7. From Newtown, a plea for media restraint (Dec. 17). I republished an open letter from John Voket, associate editor of The Newtown Bee, to his colleagues at the New England Newspaper & Press Association following the massacre at Sandy Hook Elementary School. Voket wrote about “reporters and media crews invading the yards and space of grieving survivors, school staff and responders,” and asked editors “to remind your correspondents that most are still requesting to be left alone.” A heartfelt message from ground zero.

8. Calling foul on politicians who lie (Aug. 30). It would be hard to come up with a more falsehood-laden performance than U.S. Rep. Paul Ryan’s speech at the Republican National Convention. Ryan’s lies prompted me to wonder how far the balance-obsessed media would be willing to go in labeling them for what they were.

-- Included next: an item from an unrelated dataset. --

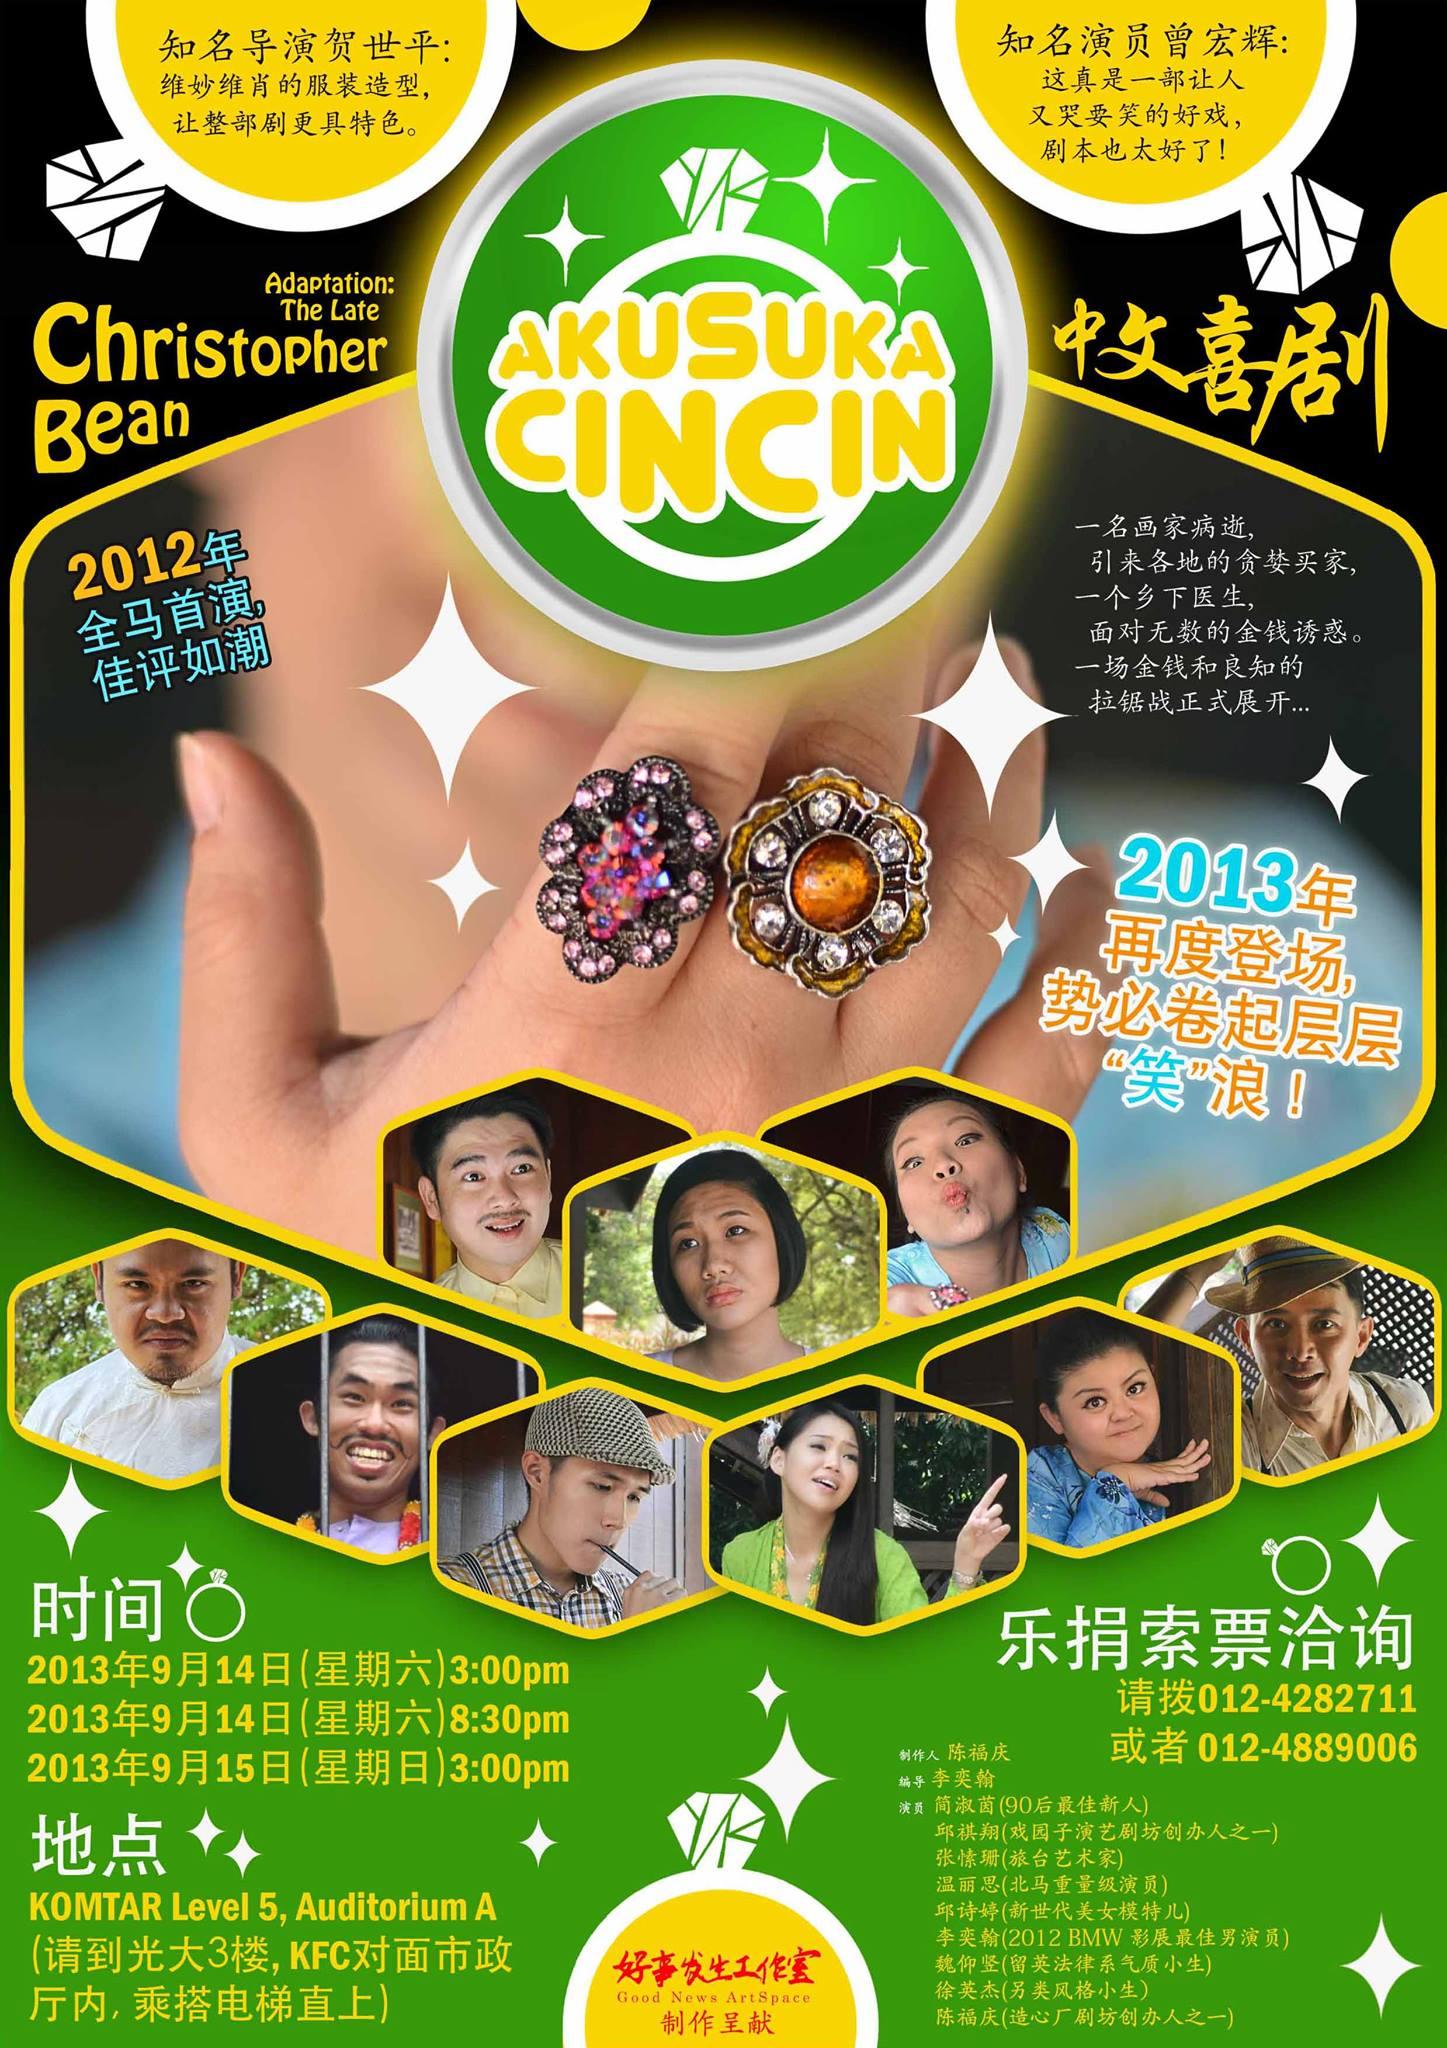 2013 Aku Suka Cincin Poster

9. At CNN, getting it first and getting it wrong (June 28). My instant reaction to CNN’s false report that the U.S. Supreme Court had overturned the individual mandate in the Affordable Care Act. At least CNN executives flogged themselves in the public square. As we later learned, Fox News made the same mistake — and refused to apologize.

10. An unconscionable vote against the disabled (Dec. 5). My reaction to Senate Republicans’ rejection of a United Nations treaty on the rights of the disabled — a treaty modeled after the Americans with Disabilities Act, championed by President George H.W. Bush, a Republican.

Ghosts of 2011. Oddly enough, the single most popular post of 2012 was one I wrote in 2011 — a fairly terse item on Jay Severin’s return to the Boston airwaves, a comeback that proved to be brief. As I wrote last year, I’ve put up several Severin posts that have generated huge traffic, and I have no idea why.

Ed Markey, through the mists of time

Veteran political reporter Peter Lucas reminds us of a great anecdote involving a young state rep named Ed Markey and Massachusetts House Speaker Tom McGee, who died last week. Lucas writes in The Sun of Lowell:

In the middle of his second term in 1975, Markey opposed McGee on a bill dealing with the abolition of part-time district court judges in Massachusetts. As a result, so the story goes, an angry McGee threw Markey, a lawyer, off the Judiciary Committee, and had him and his desk moved out of the committee offices into the hallway.

A year later, a congressional seat opened up, and Markey ran under the slogan “They may tell me where to sit, but nobody tells me where to stand.” It was “boffo,” Lucas writes, and Markey won.

Now, as Markey gears up for a Senate campaign, he’ll have to convince voters that he’s done or said anything as memorable as that in the intervening 38 years.